Note: Examples of complex drug products include complex API (e.g., polymeric compounds, peptides), complex formulations (e.g., liposomes, emulsions, suspensions), complex routes of delivery (e.g., topical), complex dosage forms (e.g., long-acting injectables), and complex drug-device combinations (e.g., prefilled syringes, autoinjectors).
Concurrent with development of the PQRI PDP Recommendations, the USP developed three informational general chapters related to extractables and leachables (4–6). These include the following:
USP <1663> Assessment of Extractables Associated with Pharmaceutical Packaging/Delivery Systems. 2015 [4].
USP <1664> Assessment of Drug Product Leachables Associated with Pharmaceutical Packaging/Delivery Systems. 2015 [5].
USP <1664.1> Orally Inhaled and Nasal Drug Products. 2015 [6].

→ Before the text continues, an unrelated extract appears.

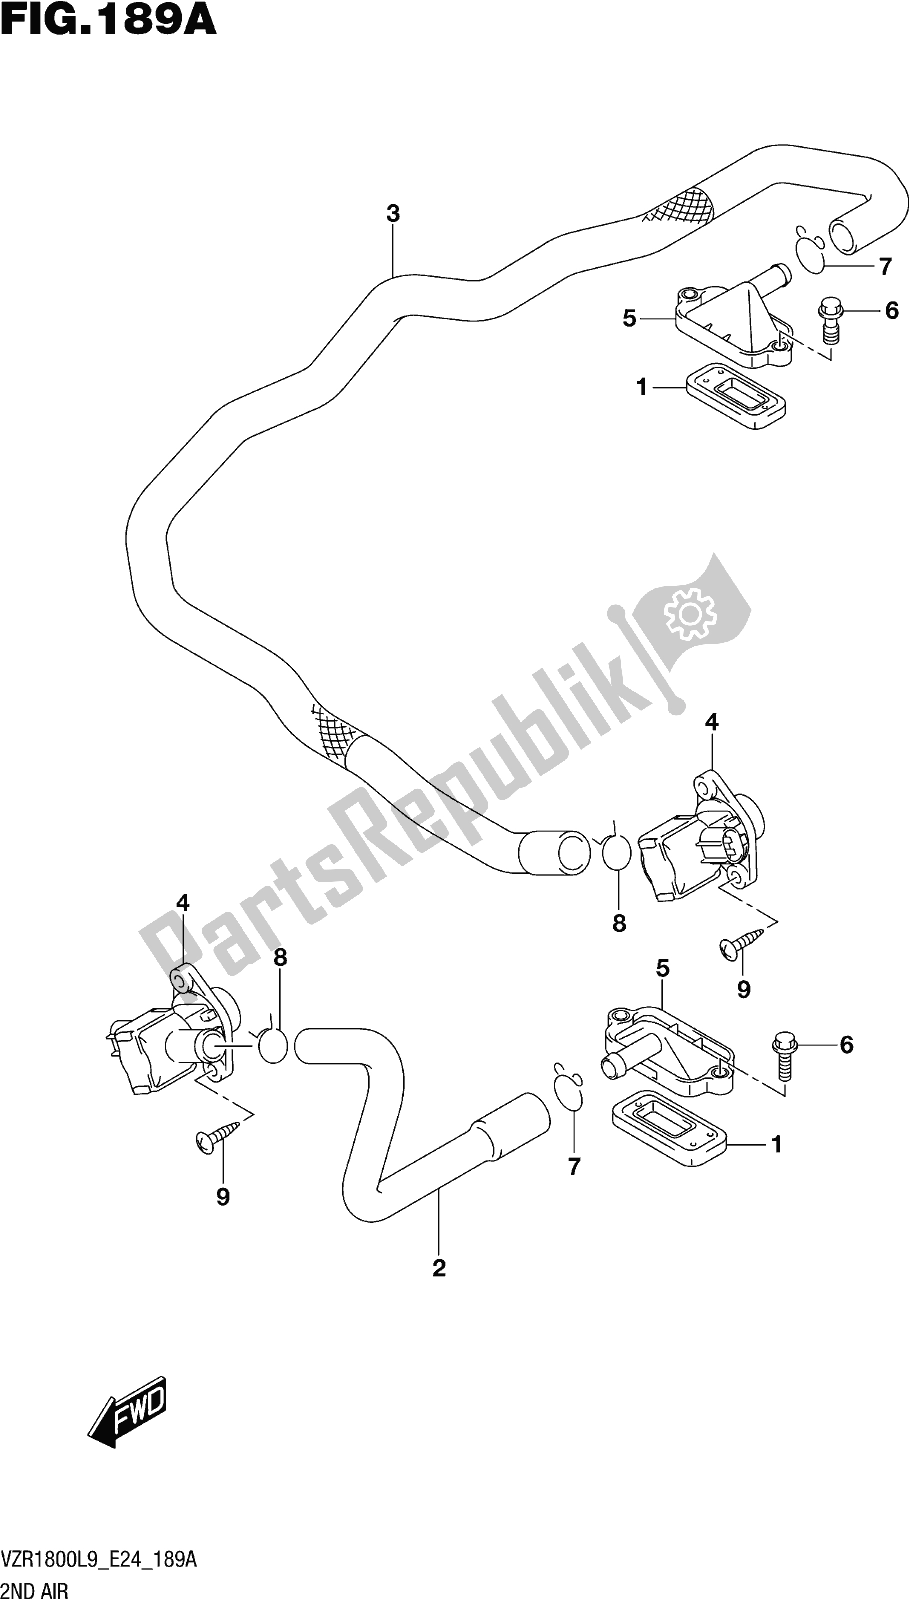 All parts for the Fig. 189a 2nd Air of the Suzuki VZR 1800 BZ 2019
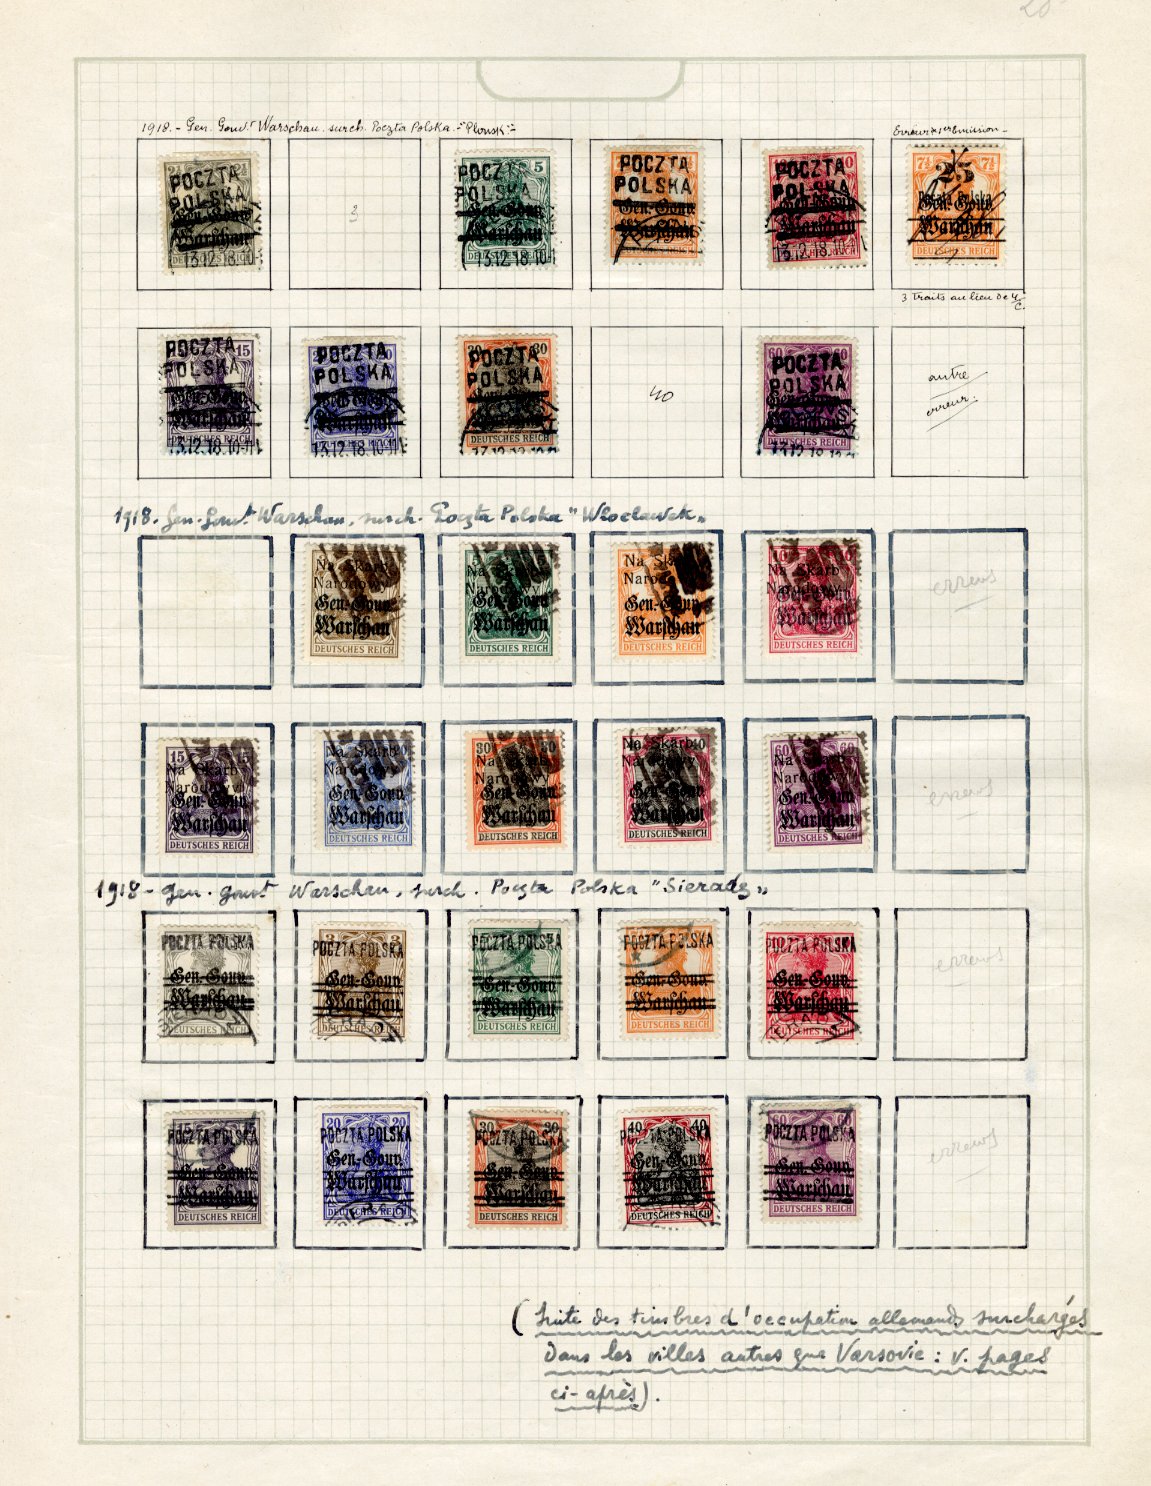 Lot 1509 - LARGE LOTS AND COLLECTIONS YEMEN  -  Cherrystone Auctions U.S. & Worldwide Stamps & Postal History

The USP is a PQRI member, and several members of the Expert Committee that created these general chapters were also members of the PQRI OINDP and PODP Working Groups, therefore it is reasonable that these general chapters reflect the consensus science-based thinking of PQRI. The PQRI OINDP recommendations are generally reflected in these chapters. For example, as stated in USP <1663>:
“In order to assess…risks and manage the potential issues posed by leachables, it is necessary to know the identities and the levels to which leachables will accumulate in the finished drug product over its shelf-life. These two pieces of information can be used to establish the magnitude of patient exposure (dose) and therefore the safety risk posed by an individual leachable, as well as the likelihood of any compatibility issues involving the drug product.
Since the pharmaceutical packaging/delivery system is the primary source of potential leachables, it is generally appropriate that any leachables assessment be preceded by an extractables assessment performed on the packaging/delivery system, its primary and certain critical secondary packaging components that are noncontacting but potentially interacting, and/or packaging and delivery system materials of construction; consistent with regulatory guidelines and best-practice recommendations.” [4]
The term “Extractables Assessment” refers to the process by which chemical entities are extracted from a test article (e.g., material of construction, component, finished packaging system), detected through chemical analysis of extracts, identified through structural analysis, and quantitated. Extractables assessments necessarily involve an “Extraction Study” (Controlled Extraction Study) and result in the creation of “Extractables Profiles” (e.g., the list of identified and unknown organic and inorganic extractable chemical entities, amount present, and level of confidence in the identity). These concepts and principles have been investigated and included in development of the PQRI PDP Recommendations. There are various reasons for accomplishing extractables assessments (e.g., materials characterization and selection, identification of potential leachables, etc.) and these are listed in detail in USP <1663>. Comprehensive datasets typically include the identity and estimated amount of detectable organic and inorganic extractable chemical entities, indication of criteria for confidence level in identification of chemical entities, and supporting analytical data such as chromatograms, mass spectra, NMR spectra, etc. These principles remain unchanged from the original PQRI OINDP Recommendations.